_HOW TO COMPLETE THIS TASK_. From the line containing "Swimmingpool mit Lounge" down to the last line of the material, output each line exactly as it appears, excluding pictures.

_SUPPLIED DATA_.
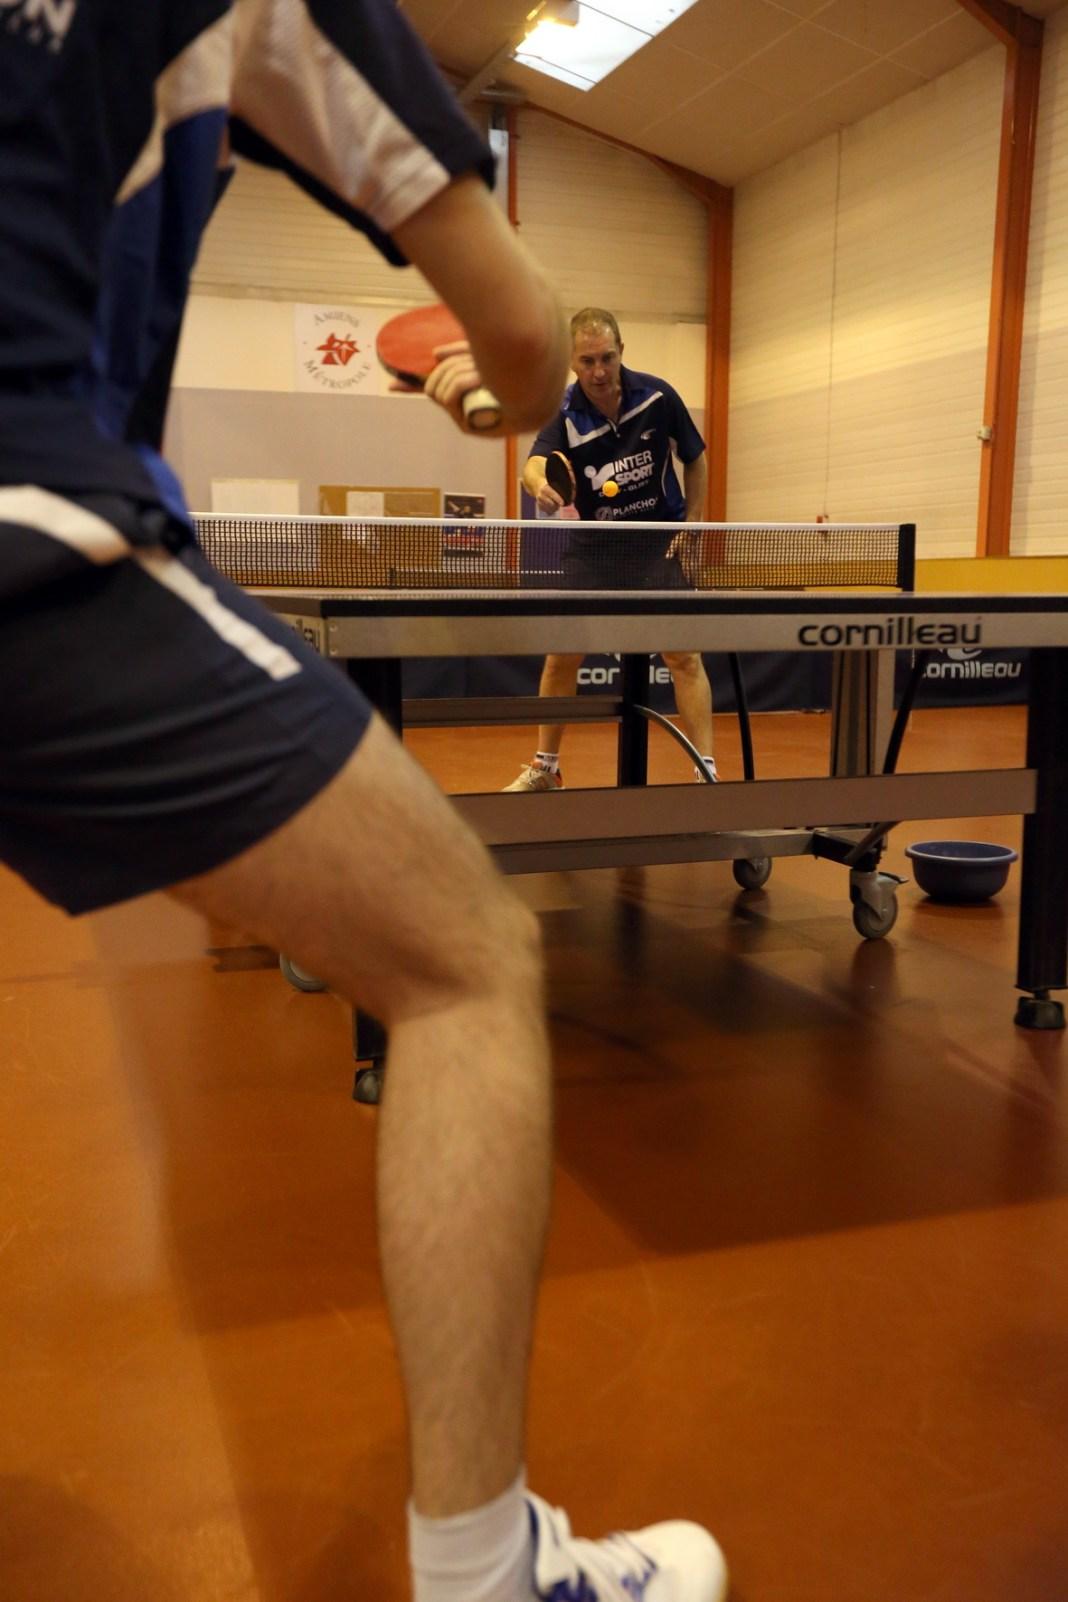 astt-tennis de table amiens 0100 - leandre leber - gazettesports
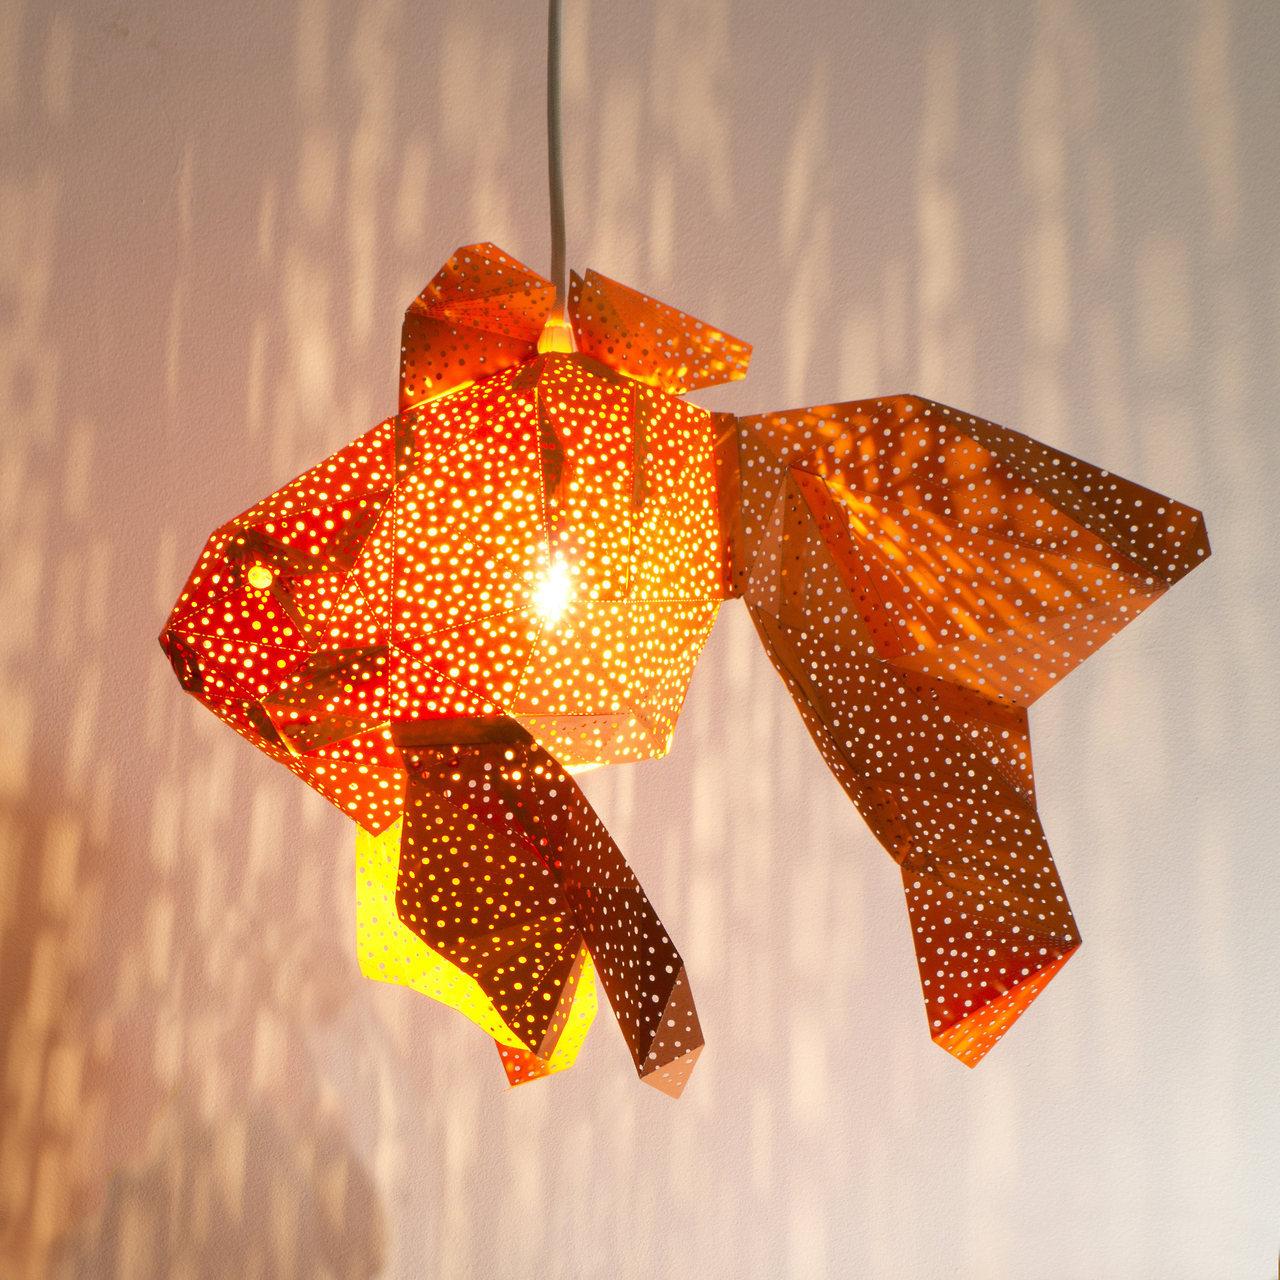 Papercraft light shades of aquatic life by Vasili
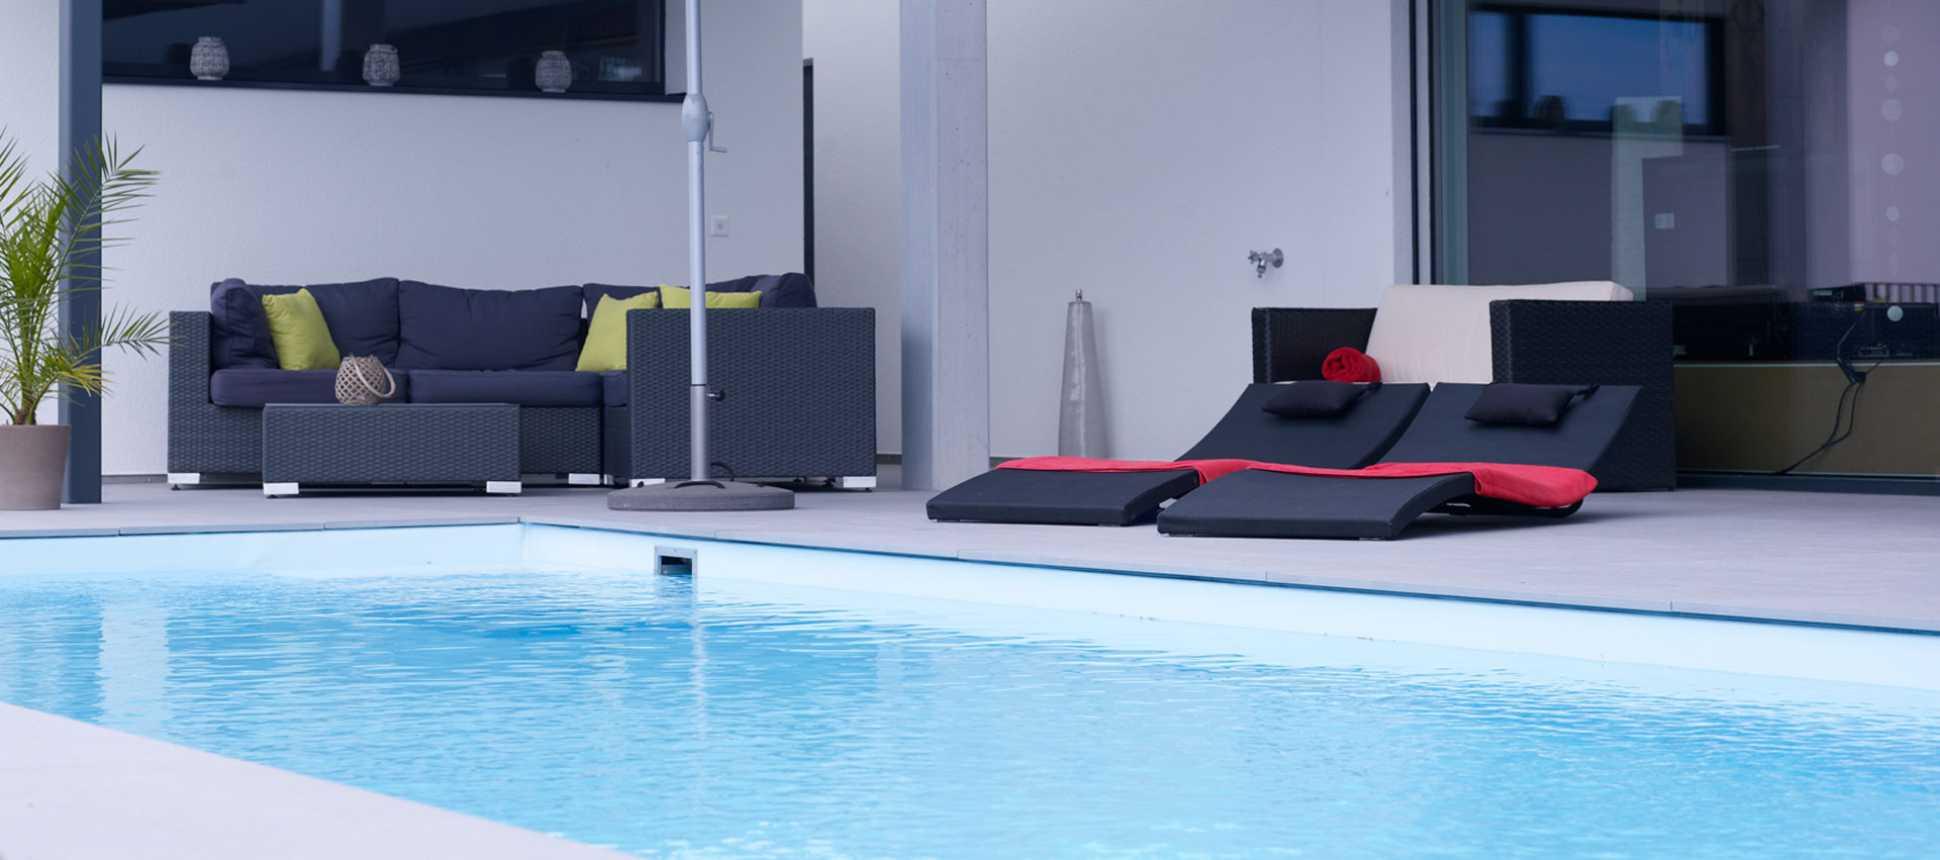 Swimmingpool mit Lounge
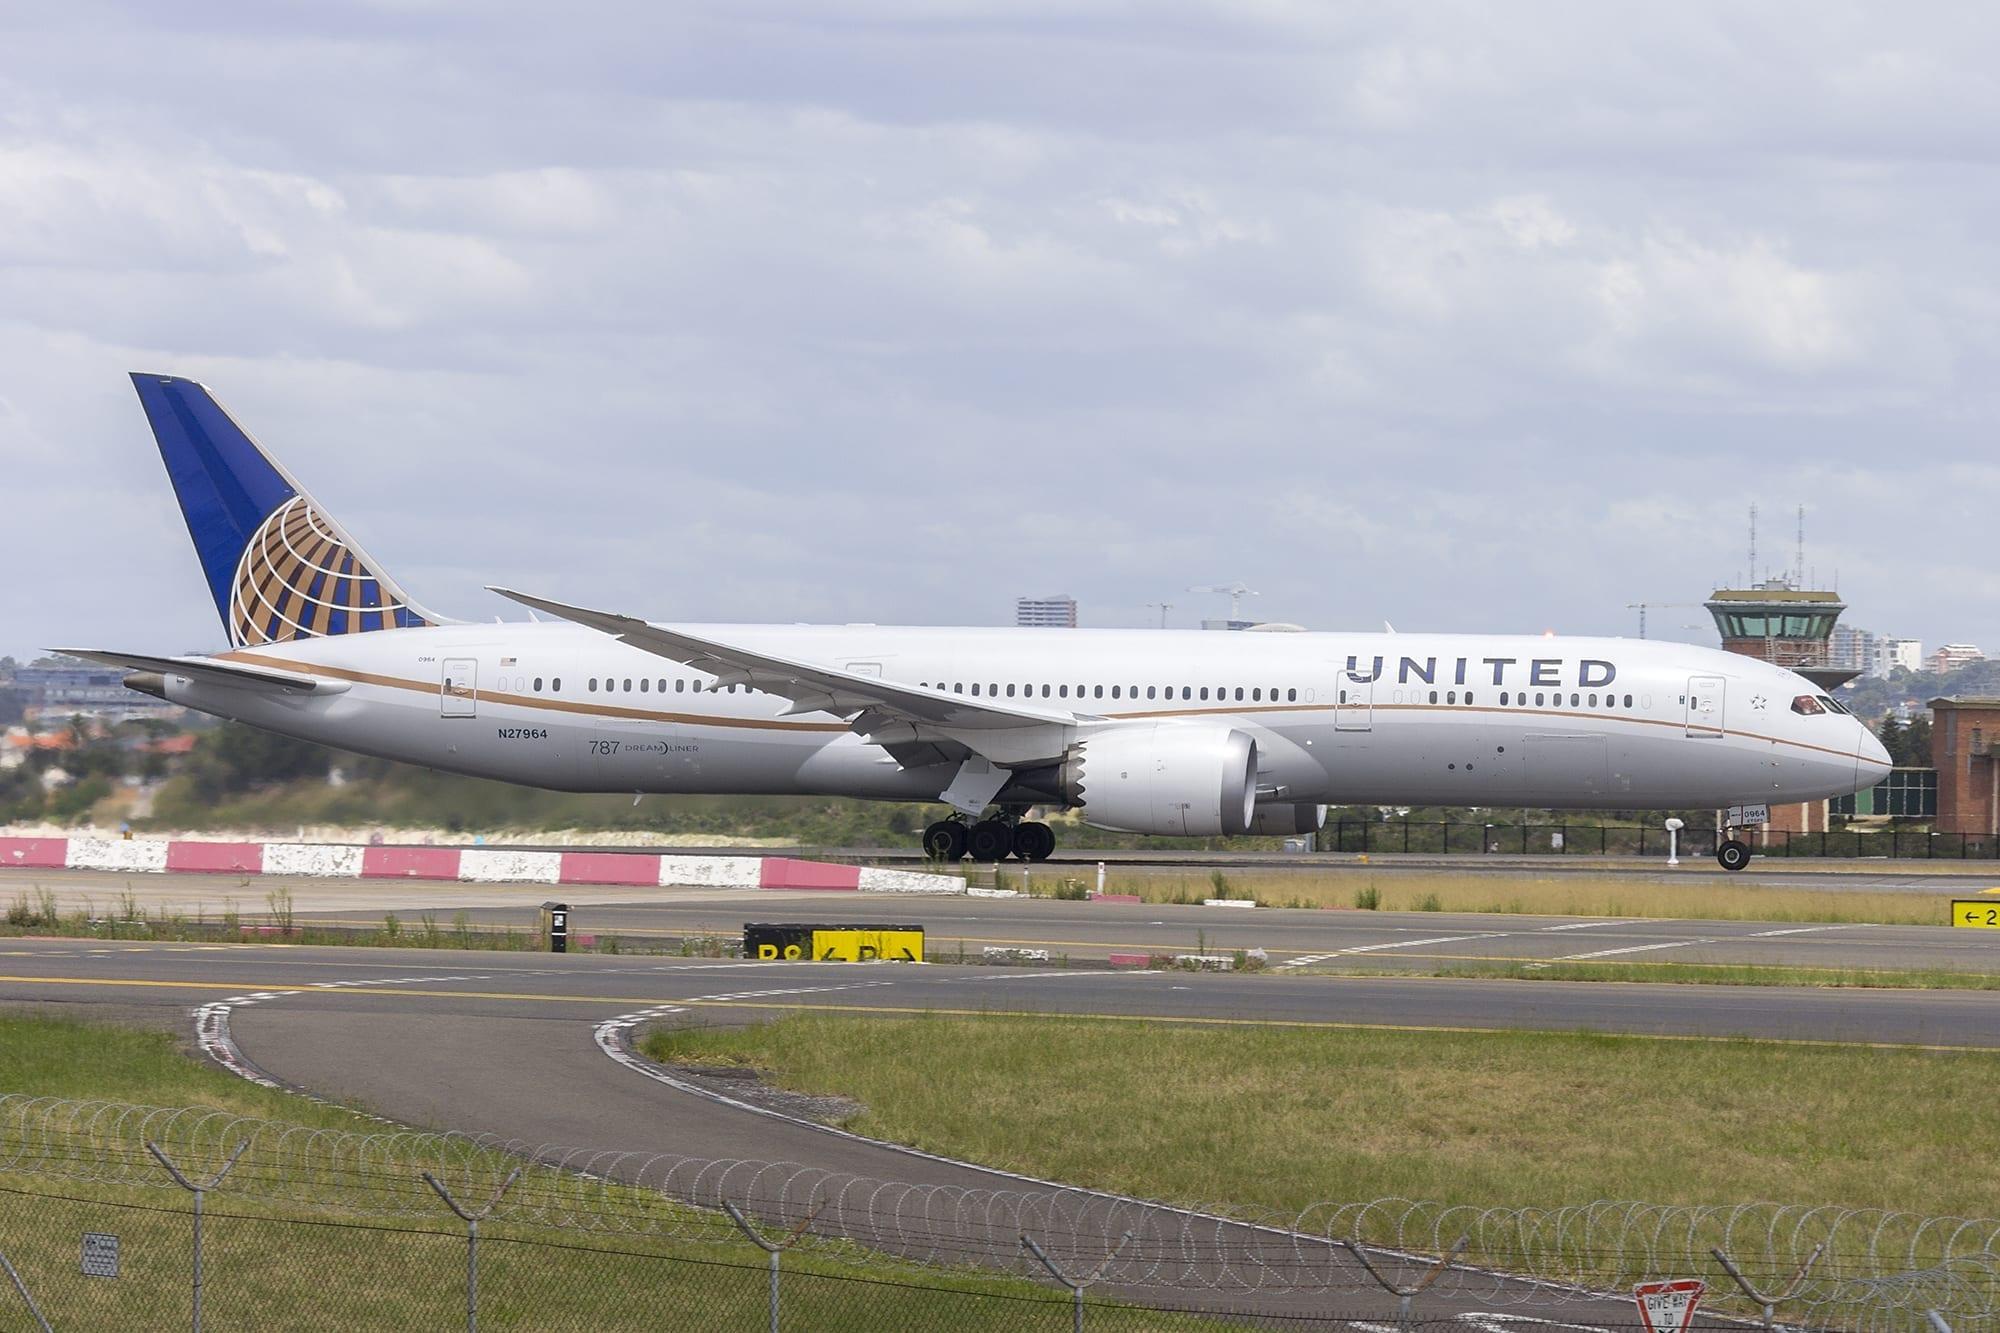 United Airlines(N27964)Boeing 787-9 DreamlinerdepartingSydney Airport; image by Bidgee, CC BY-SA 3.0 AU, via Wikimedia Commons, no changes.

_WRITTEN SOLUTION_.
 Swimmingpool mit Lounge
 United Airlines(N27964)Boeing 787-9 DreamlinerdepartingSydney Airport; image by Bidgee, CC BY-SA 3.0 AU, via Wikimedia Commons, no changes.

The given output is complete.